To adjust the limit, pass :max_buffer_size (in bytes):
# Increase for files with very long rows
CSV.parse_stream(stream, max_buffer_size: 512 * 1024 * 1024)
# Decrease to fail fast on malformed input
CSV.parse_stream(stream, max_buffer_size: 10 * 1024 * 1024)
# Also works on direct streaming APIs
RustyCSV.Streaming.stream_file("data.csv", max_buffer_size: 1_073_741_824)RustyCSV uses mimalloc as the default allocator, providing:
- 10-20% faster allocation for many small objects
- Reduced memory fragmentation
- Zero tracking overhead in default configuration
To disable mimalloc (for exotic build targets):
# In mix.exs
def project do
[
# Force local build without mimalloc
compilers: [:rustler] ++ Mix.compilers(),
rustler_crates: [rustycsv: [features: []]]
]
endFor profiling Rust-side memory during development and benchmarking.
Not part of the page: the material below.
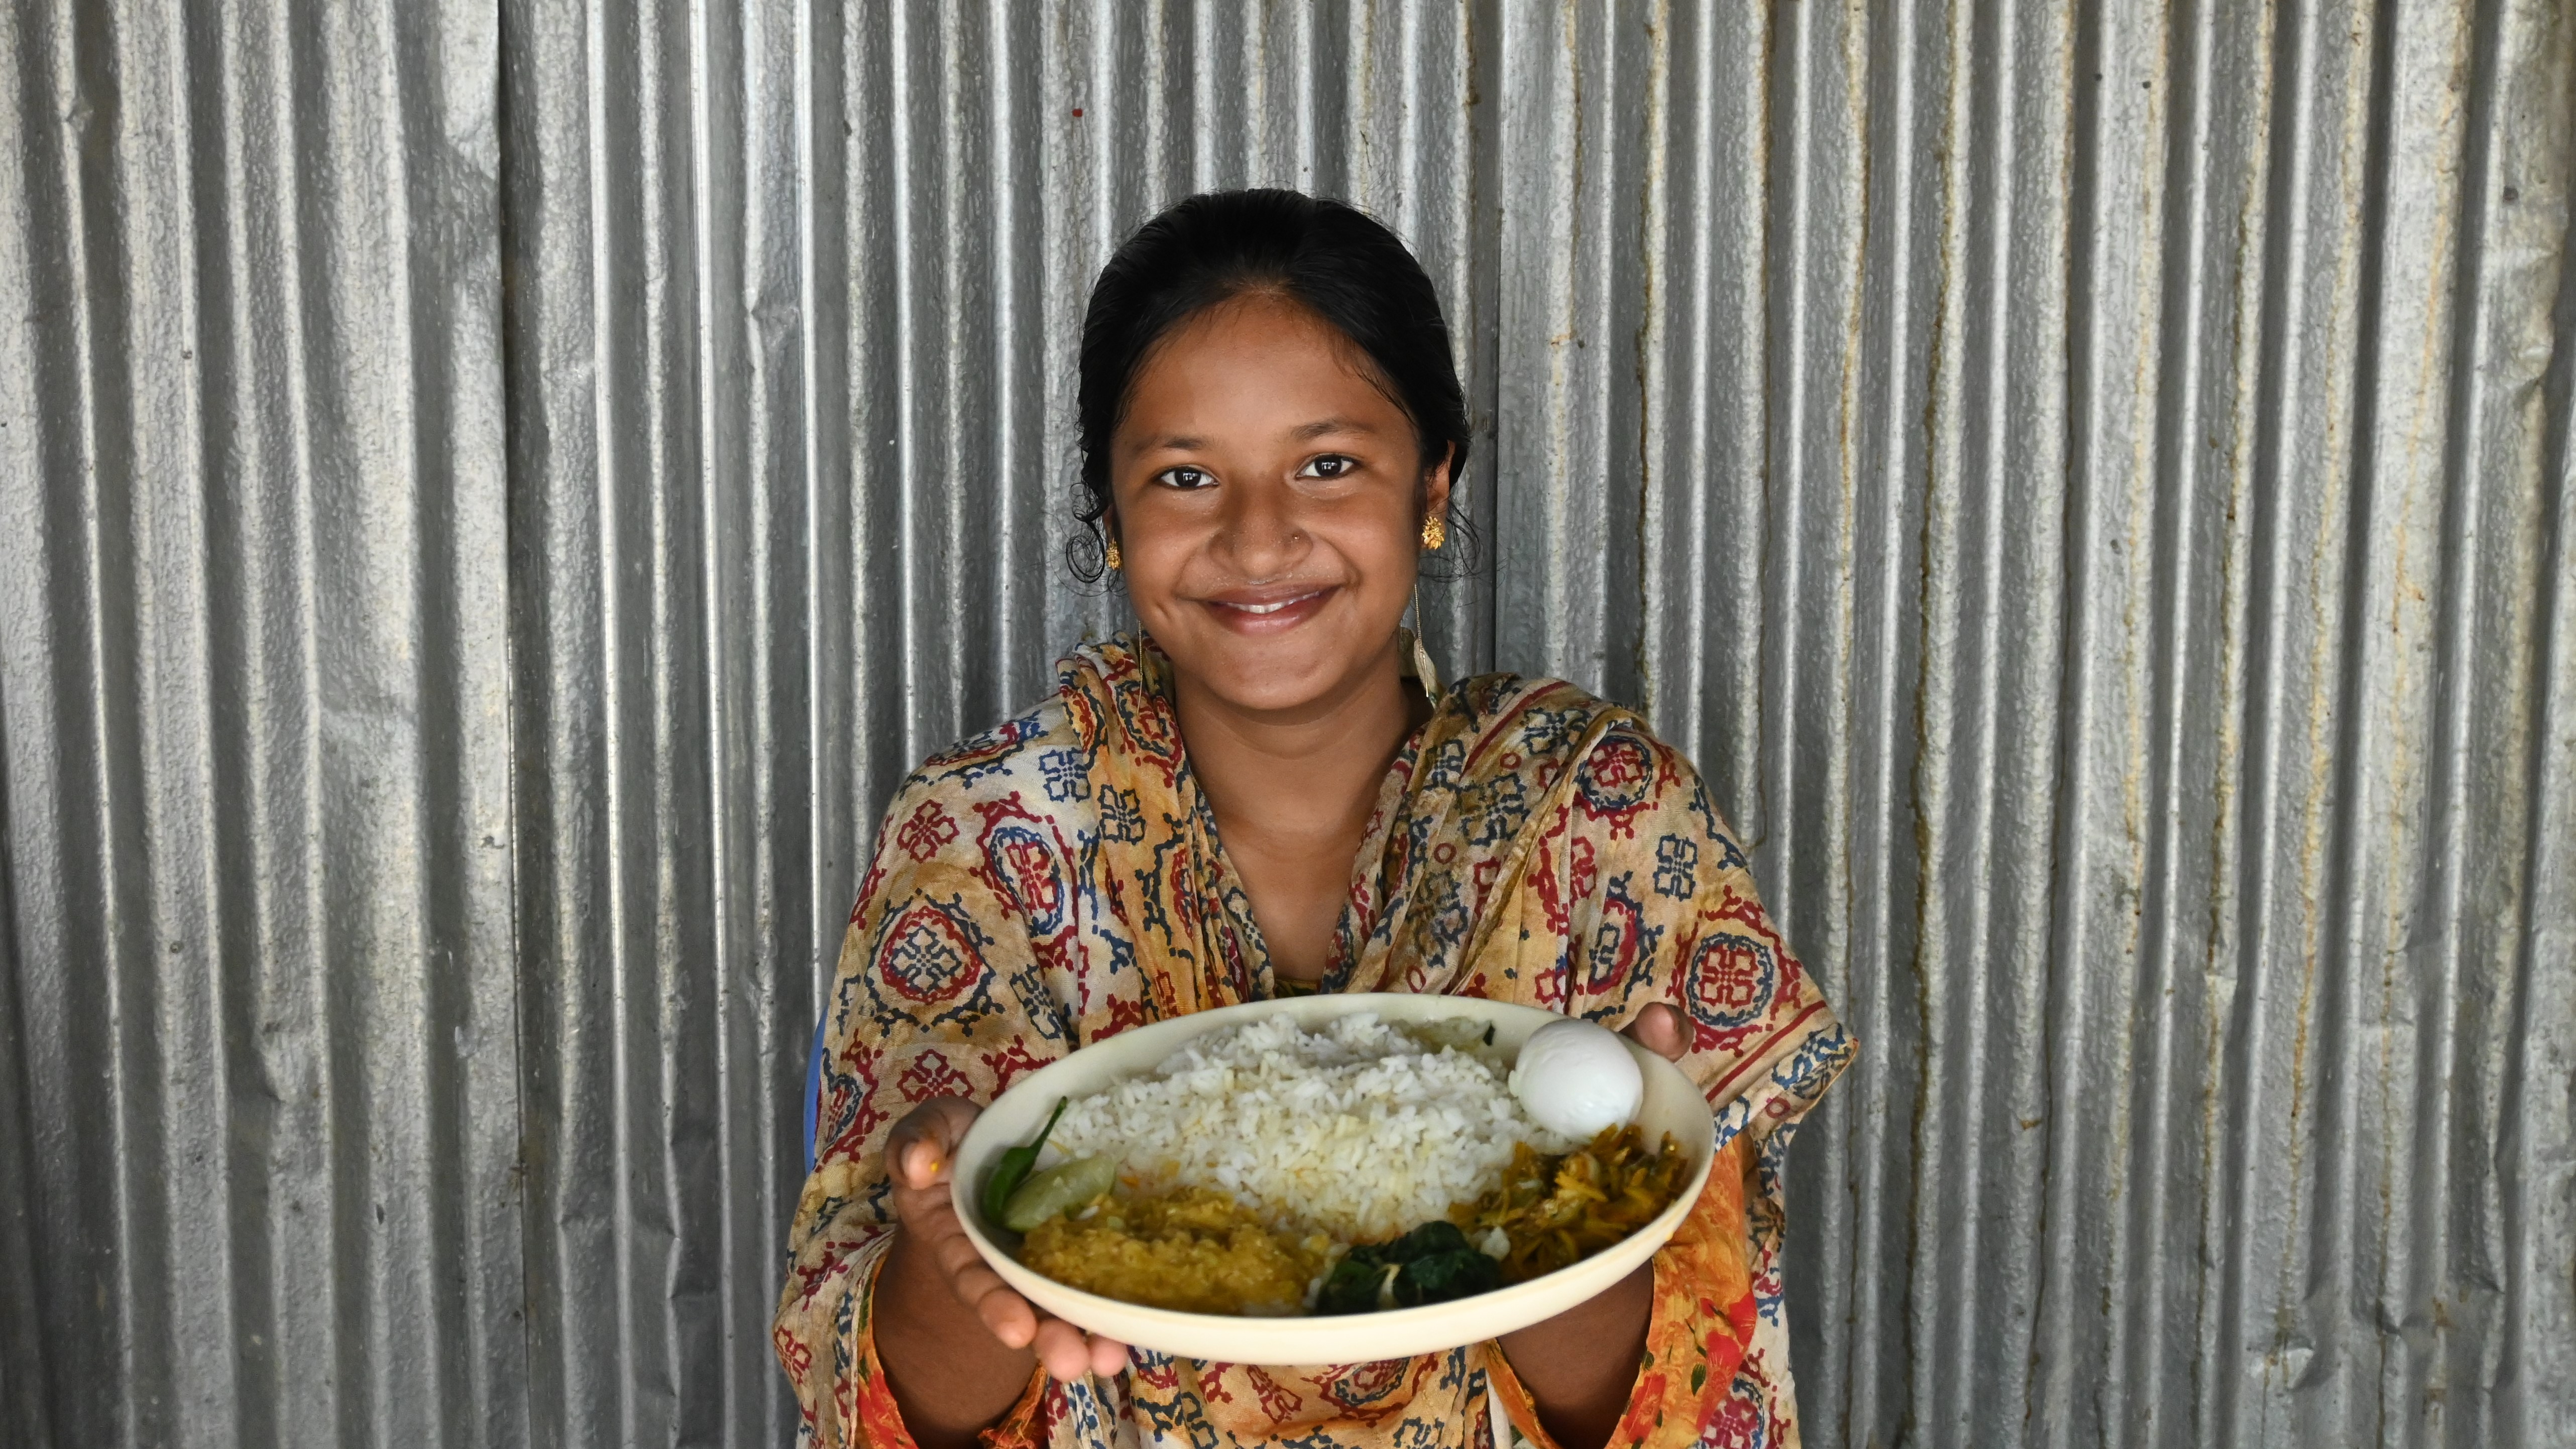 To the best of her abilities, she maintains balanced diets required during adolescence e.g. eating eggs, fish, and lentils that provide protein, vegetables for required vitamins, and rice for energy to keep herself active.  She also eats seasonal fruits like guava, banana, and other available fruits for complementary vitamins and minerals to stay healthy.  

Not intended for production — it wraps every allocation with atomic counter updates, adding overhead. This is also the only source of unsafe in the codebase (required by the GlobalAlloc trait). Enable the memory_tracking feature:
# In native/rustycsv/Cargo.toml
[features]
default = ["mimalloc", "memory_tracking"]Then use:
RustyCSV.Native.reset_rust_memory_stats()
result = CSV.parse_string(large_csv)
peak = RustyCSV.Native.get_rust_memory_peak()
IO.puts("Peak Rust memory: #{peak / 1_000_000} MB")When disabled (default), these functions return 0 with zero overhead.
RustyCSV uses Rust's std::simd portable SIMD, which currently requires nightly via #![feature(portable_simd)]. However, RustyCSV only uses the stabilization-safe subset of the API:
Simd::from_slice,splat,simd_eq, bitwise ops (&,|,!)Mask::to_bitmask()for extracting bit positions
We deliberately avoid the APIs that are blocking stabilization: swizzle, scatter/gather, and lane-count generics (LaneCount<N>: SupportedLaneCount). The items blocking the portable_simd tracking issue — mask semantics, supported vector size limits, and swizzle design — are unrelated to the operations we use. When std::simd stabilizes, RustyCSV will work on stable Rust with no code changes.
The prefix-XOR quote detection uses a portable shift-and-xor cascade rather than architecture-specific intrinsics, keeping the entire scanner free of unsafe code. Benchmarks show no measurable difference for the 16/32-bit masks used in CSV scanning.
# Install dependencies
mix deps.get
# Compile (includes Rust NIF)
mix compile
# Run tests (464 tests)
mix test
# Run benchmarks
mix run bench/csv_bench.exs
# Code quality
mix credo --strict
mix dialyzerMIT License - see LICENSE file for details.
RustyCSV - Purpose-built Rust NIF for ultra-fast CSV parsing in Elixir.